Mokaila warns CBOs not serious with developing communities

In the face of the global financial crisis, which threatens to adversely hit the diamond-led Botswana economy, government this week announced it would seriously consider fast tracking the diversification process, diverting more attention to the tourism sector.

Briefing Ntlo ya Dikgosi on environmental and tourism issues Tuesday, the Minister of Environment, Wildlife and Tourism, Kitso Mokaila, said tourism was a sound and tangible alternative, adding that his ministry intends rolling up its sleeves against Community Based Organisations (CBOs) whose profits from natural resources tend to line some pockets of the few privileged individuals while the rest of the community wallows in abject poverty.

CBOs are government initiatives designed to empower and develop communities living side by side with natural resources such as wildlife, while at the same time managing these natural resources.

There are seen as employment creation to the disadvantaged rural poor and over 8 000 individuals across the country have been employed through these CBOs.

With the government having of late come out of the closet to announce the country is not sparred from the global recession and more retrenchments in the offing, particularly in diamond mining, government finds itself in a tight corner with the tourism sector the alternative solace.

However, these CBOs are mismanaged, lack accountability and proper audit, resulting with funds going into the wrong hands for personal use. They often disintegrate to form splinter organizations with tribal and political factions playing dominance.

“We are going to take stern measures against unscrupulous individuals and CBOs which are not serious with development and the upliftment of communities. CBOs should portray a sense of commitment and they should live sustainably with the natural resources,” Mokaila said.
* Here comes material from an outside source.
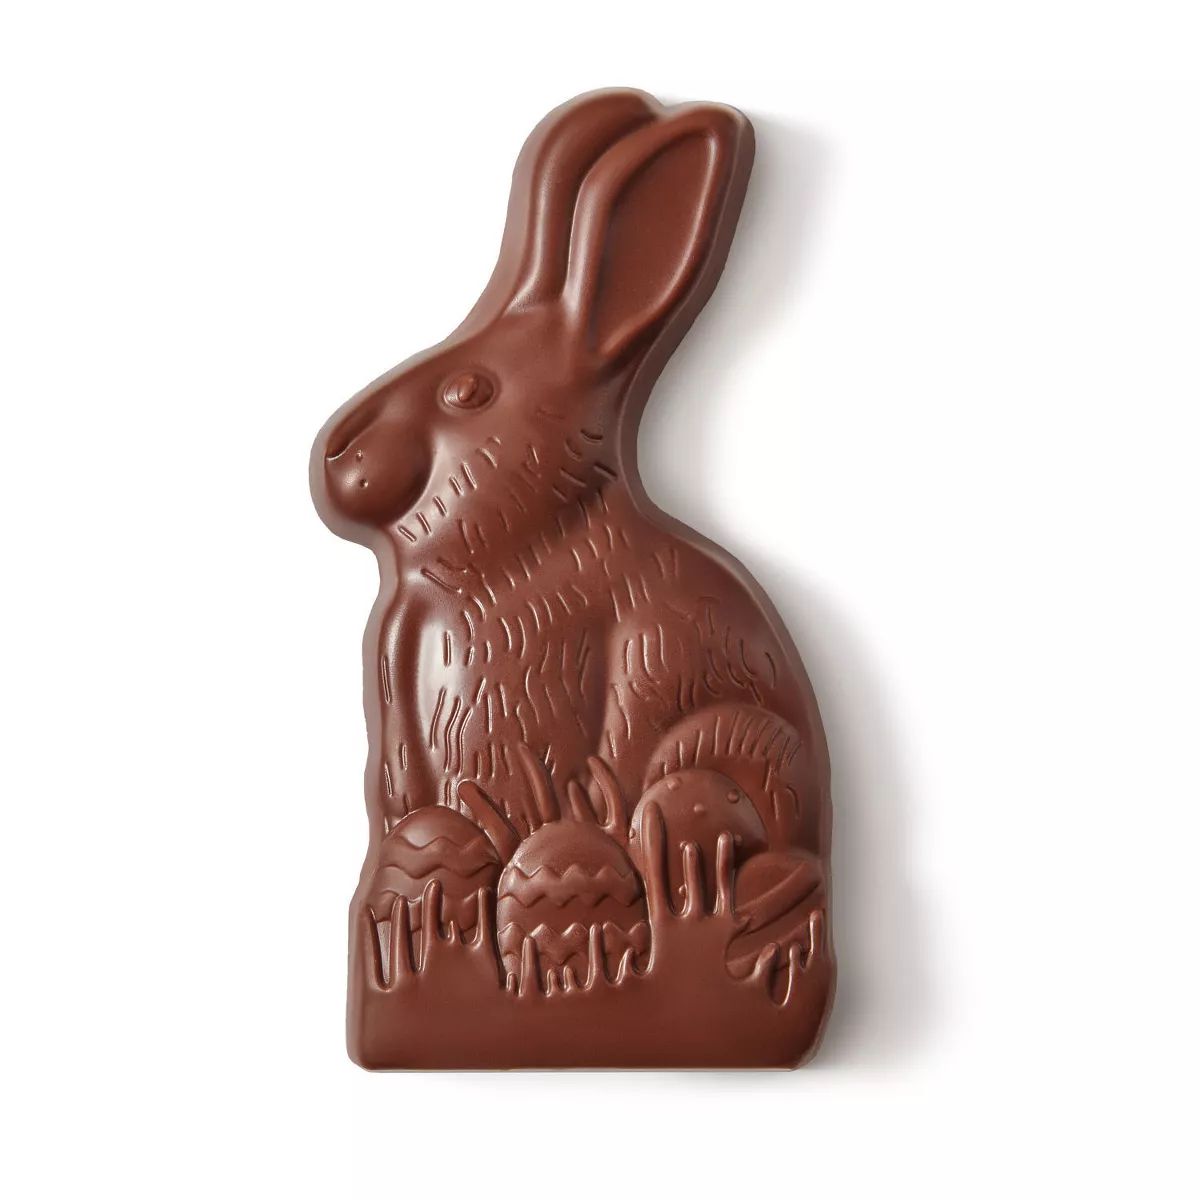 Hershey's Milk Chocolate Solid Bunny Easter Candy Gift Box - 5oz | Target

He noted most of the CBOs are in joint venture agreements rather than joint venture partnership, making them mere passive recipients of the income.

“We need communities to be active or true managers and decision makers over their land and resources. Taken in a nutshell, tourism could bring more fortunes to this country and its people,” Mokaila reiterated.

He promised dikgosi that his ministry would collaborate with other responsible stakeholders to ensure tourism is revamped and uplifts the livelihood of Batswana from the precarious situation that lies ahead.
Through tourism, Batswana could own lodges, engage themselves in hunting expeditions and photographs thereby earning some income.
For their part, dikgosi expressed acknowledgement to the proposed stance, urging the government to precipitate the proposal.

The former Chairman of the House, Kgosi Seepapitso, decried the lack of government intervention to preserve hereditary monuments.
“There are historical sites which should be preserved at all costs for our future generations,” Seepapitso lamented.